Elisabeth Osterwalder

Sport
- Country: Switzerland
- Sport: Alpine skiing Paralympic athletics

Medal record
Representing Switzerland
Summer Paralympic Games
Paralympic athletics
| Gold medal – first place | 1980 Arnhem | Shot put C1 |
| Silver medal – second place | 1980 Arnhem | Javelin C1 |
| Bronze medal – third place | 1980 Arnhem | Discus throw C1 |
Winter Paralympic Games
Alpine skiing
| Gold medal – first place | 1976 Ornskoldsvik | Giant slalom IV A |
| Gold medal – first place | 1980 Geilo | Giant slalom 2B |
| Gold medal – first place | 1980 Geilo | Slalom 2B |
| Silver medal – second place | 1984 Innsbruck | Alpine combination LW4 |

= Elisabeth Osterwalder =

Swiss Para-athlete

Elisabeth Osterwalder is a Swiss Para-alpine skier and athlete. She represented Switzerland at the 1984 Paralympic Winter Games. She won a total of seven medals.

== Career ==
She competed at the 1976 Winter Paralympics, in Örnsköldsvik, in giant slalom IV A winning a gold medal, with a time of 3:02:07.

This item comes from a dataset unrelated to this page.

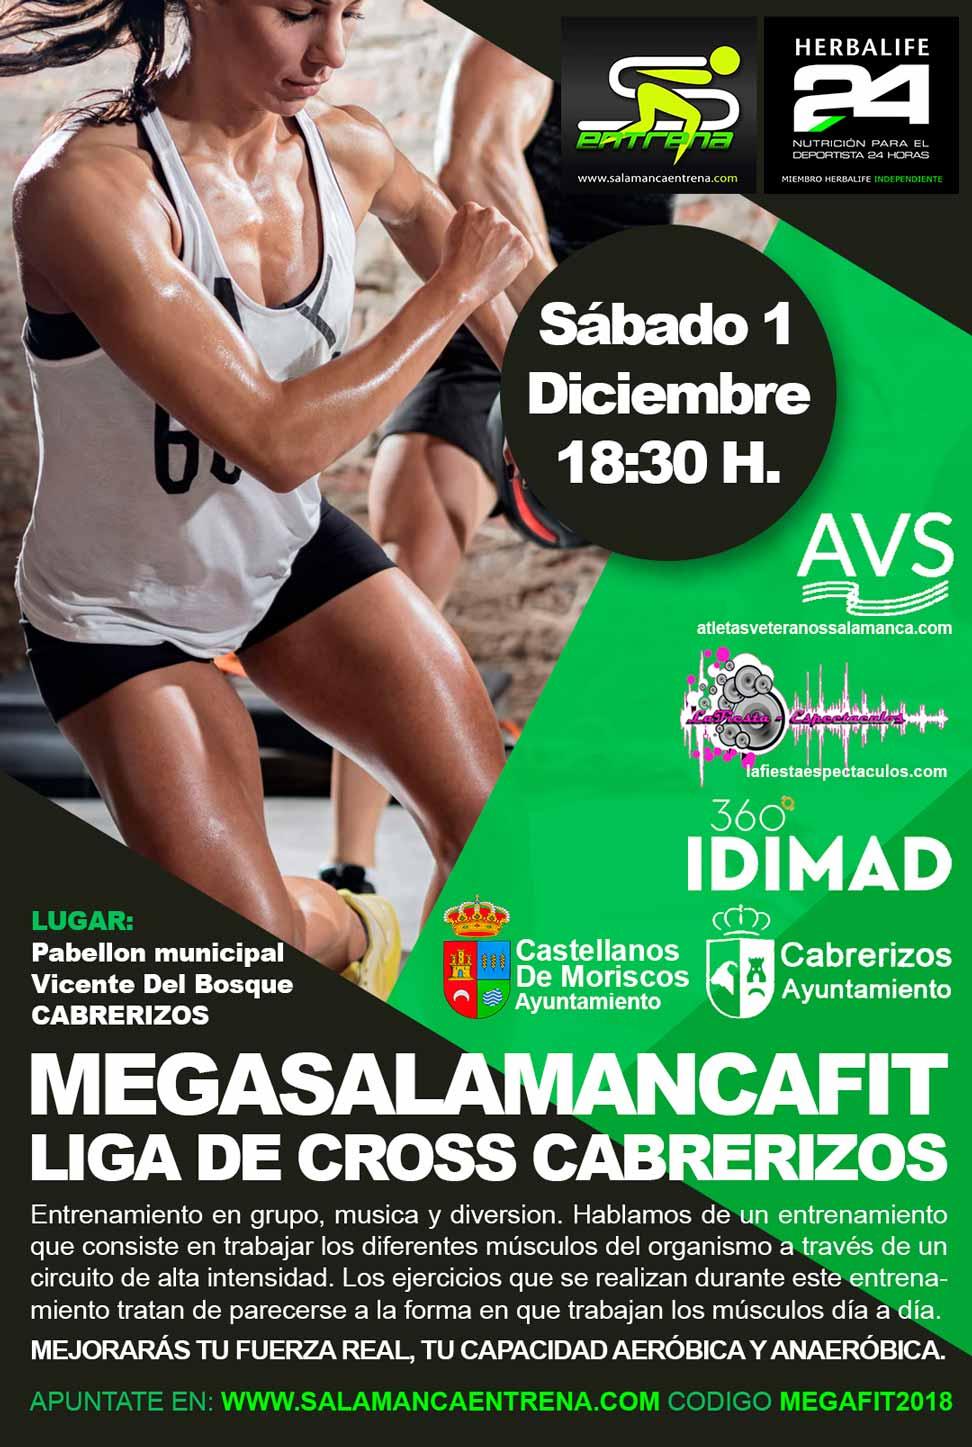 salamancafit-liga-cross-cabrerizos 2018

She competed at the 1980 Winter Paralympics in Geilo, winning gold medals in giant slalom 2B - in 3:39:11, and slalom 2B - in 2:07:16.

She competed at the 1984 Winter Paralympics, in Innsbruck , winning a silver medal in the LW4 super combined race (in 7'08" 33  ), and finishing fourth in Women's downhill LW4.

Osterwalder also competed in the Paralympic athletics competitions at the 1980 Summer Paralympics in Arnhem winning a gold medal in the shot put C1 (with the measure of 6.01 m), a silver medal in the throw of the C1 javelin (result 14.94 m), and a bronze in the C1 discus (a throw of 14.02 m  ).